The next conversation will need to address the company’s tolerance for cybersecurity risk, and the roles and responsibilities of executives charged with managing cybersecurity on a daily basis. These are the other two bullet points above.

To some extent, this second conversation will be similar to other conversations about anti-corruption risk, or compliance risk generally. How much tolerance for this risk is the board willing to accept? How will management then develop a program to keep that risk within those tolerance levels?

These are good conversations to have, but remember the broad goal here: getting the board to assure that in-house executives are managing risk to the proper extent. The SEC has done this before with, say, financial reporting risks; the Justice Department has done it before with anti-corruption risk, via its many pieces of guidance about effective compliance programs.

Now the SEC wants to do the same for cybersecurity risk. Boards, CEOs, and the leaders of Second Line functions including IT security, legal, and compliance will need to figure out a game plan.

Second, Questions on Materiality

Companies will have a more pragmatic challenge, too. One SEC proposal is to require disclosure of “material cybersecurity incidents” within four days of deciding that a breach was indeed material.

Well, what process will your company use to decide that? More precisely, what objective, reliable, repeatable process will the company use to decide materiality, when cybersecurity events can come in so many forms?

The SEC doesn’t offer many specifics on how to answer those questions. Under federal securities law a material fact is anything that, when disclosed, “would be viewed by the reasonable investor as having significantly altered the ‘total mix’ of information made available” – but applying that standard to many cybersecurity incidents will not be easy.

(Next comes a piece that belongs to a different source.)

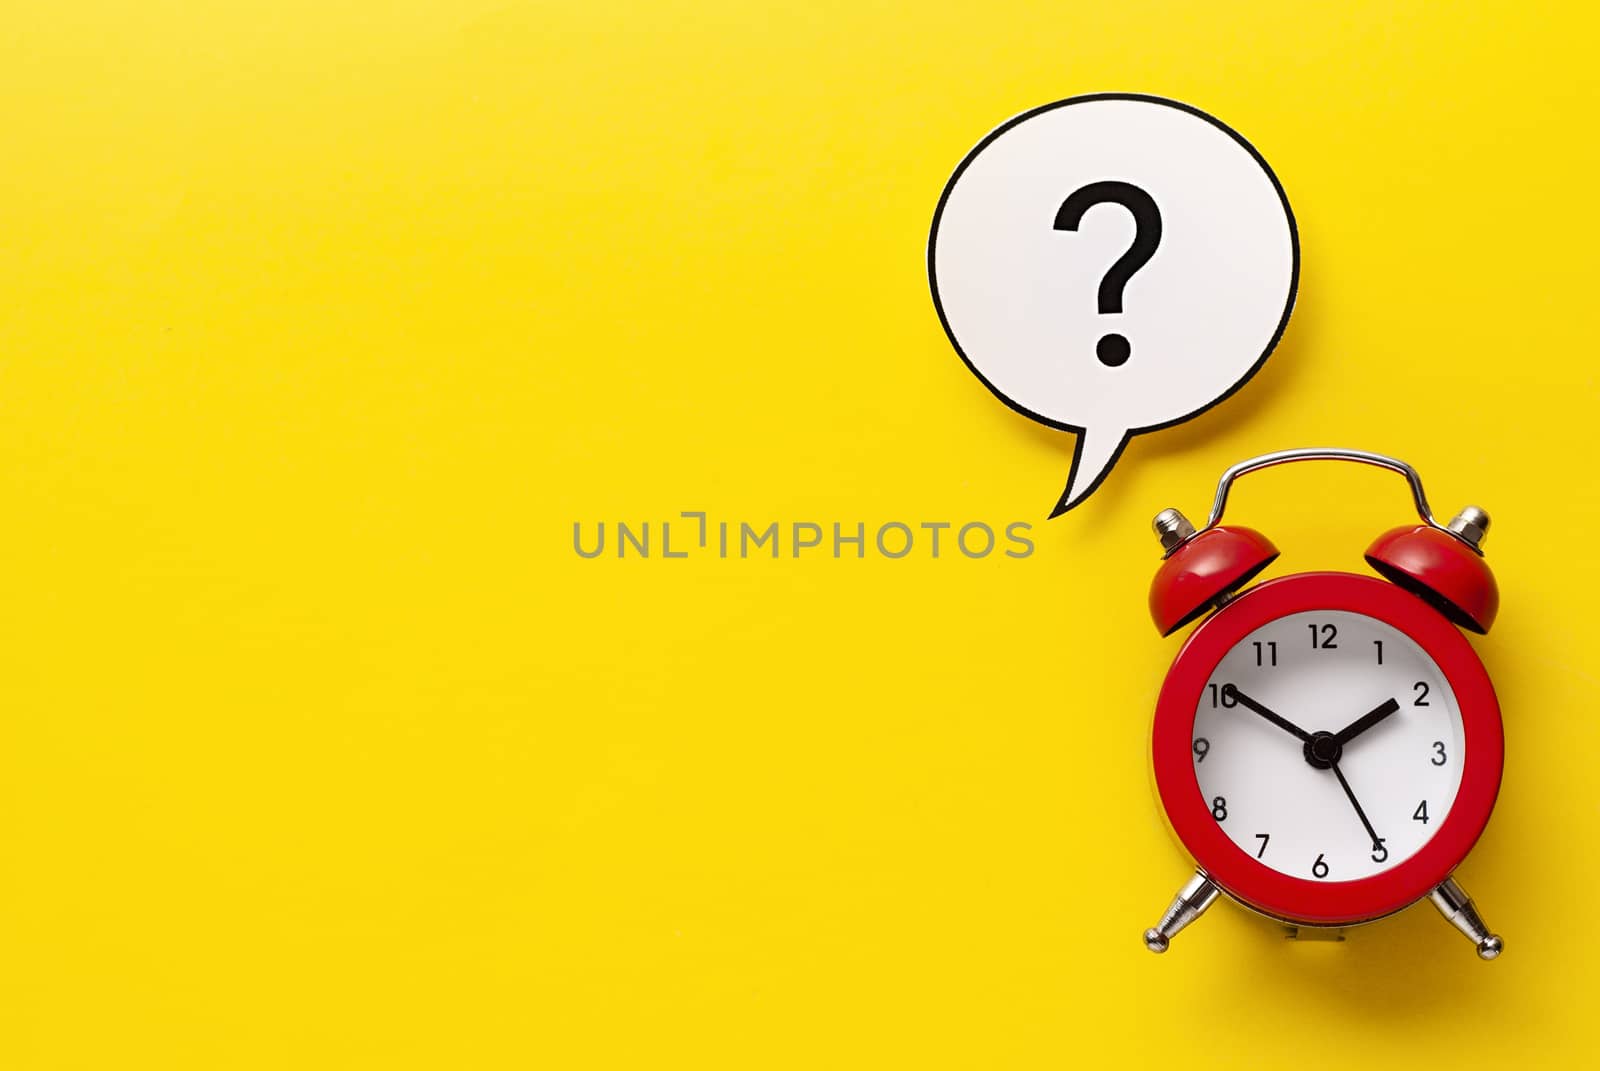 Colourful red alarm clock with question mark inside a speech bubble over a bright yellow background with copy space

That analysis will require a blend of forensic capability, where you gather information about exactly what was breached; plus, an objective legal analysis of whether those facts pass the materiality test; sprinkled with a dash of ethical values: “Is this something we should disclose to investors, even though we’ll take a beating in the markets?”

If you don’t develop a rigorous process for this assessment – that is, if the company relies on management whims and best guesses from one quarter to the next – the potential for poor decisions goes up immensely. The wiser move will be to define policies and processes for a structured assessment of materiality.

Perhaps you can rely on cybersecurity frameworks to guide you as you develop those things; perhaps you can develop them internally with careful discussion and deliberation. But the ideal result will be a formal process that compliance, risk, legal, and IT security teams understand and follow.

Then, if everything falls into place, you have a board properly engaged in overseeing cybersecurity risk, and a defensible process to inform investors when you suffer a cybersecurity incident.

Whatever the final form of the SEC’s proposed rules might be, those two results will be worth having.